The younger mean age of our study population (59 compared with 612 and 643 years) may limit the expression of APOE ε4 and cognitive change but heighten the association of APOE ε4 with coronary artery disease. This may account for our greater APOE ε4 allele frequency (0.21 compared with 0.132 and 0.173) and failure to show an association with a decline in general cognitive ability.
Our cognitive test battery included verbal fluency, a measure of executive function, which was not specifically tested in the other studies. Deficits in executive functions influence a person's ability to work, function appropriately at home, and maintain social relationships.5 These are often the changes that patients complain about after CABG surgery, and this cognitive domain has not been extensively investigated to date.
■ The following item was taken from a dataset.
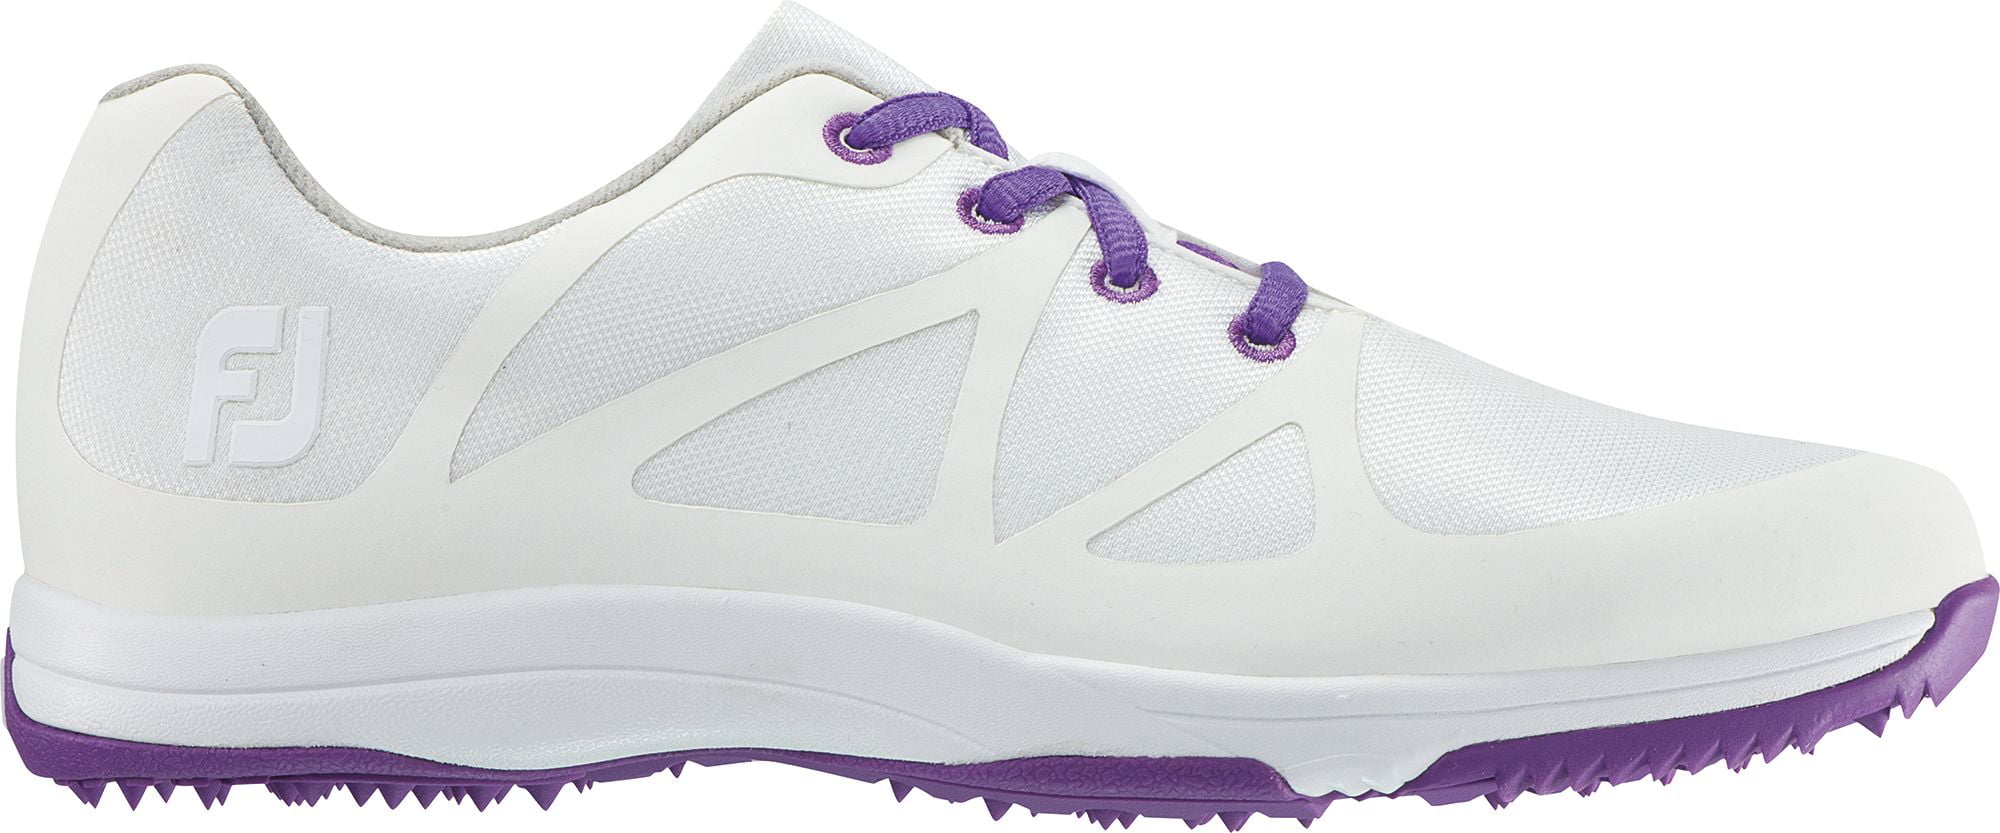 LEISURE Golf Shoes (White/Purple

We assessed cognitive performance at 12 weeks as compared with six weeks in the other studies.2,3 The longer follow up time may unmask the interaction of APOE ε4 and brain injury after CABG surgery in the cognitive domains related to executive function. Long term follow up at one or two years may show a greater affect of APOE ε4 on general cognitive performance.
We found no association between APOE genotype and cognitive scores before surgery, which is in agreement with previous studies.2,3 In terms of recognised risk factors for cognitive decline, we found no association between APOE genotype and the presence of palpable aortic atheroma or neurological deficit before surgery.
In conclusion, this study does not support the hypothesis that the APOE ε4 allele confers additional risk of general cognitive or neurological decline after CABG surgery. Rather, it implies a specific effect on long term outcome of verbal fluency that warrants further investigation.
This work was supported by Welcome Trust Grant 050190.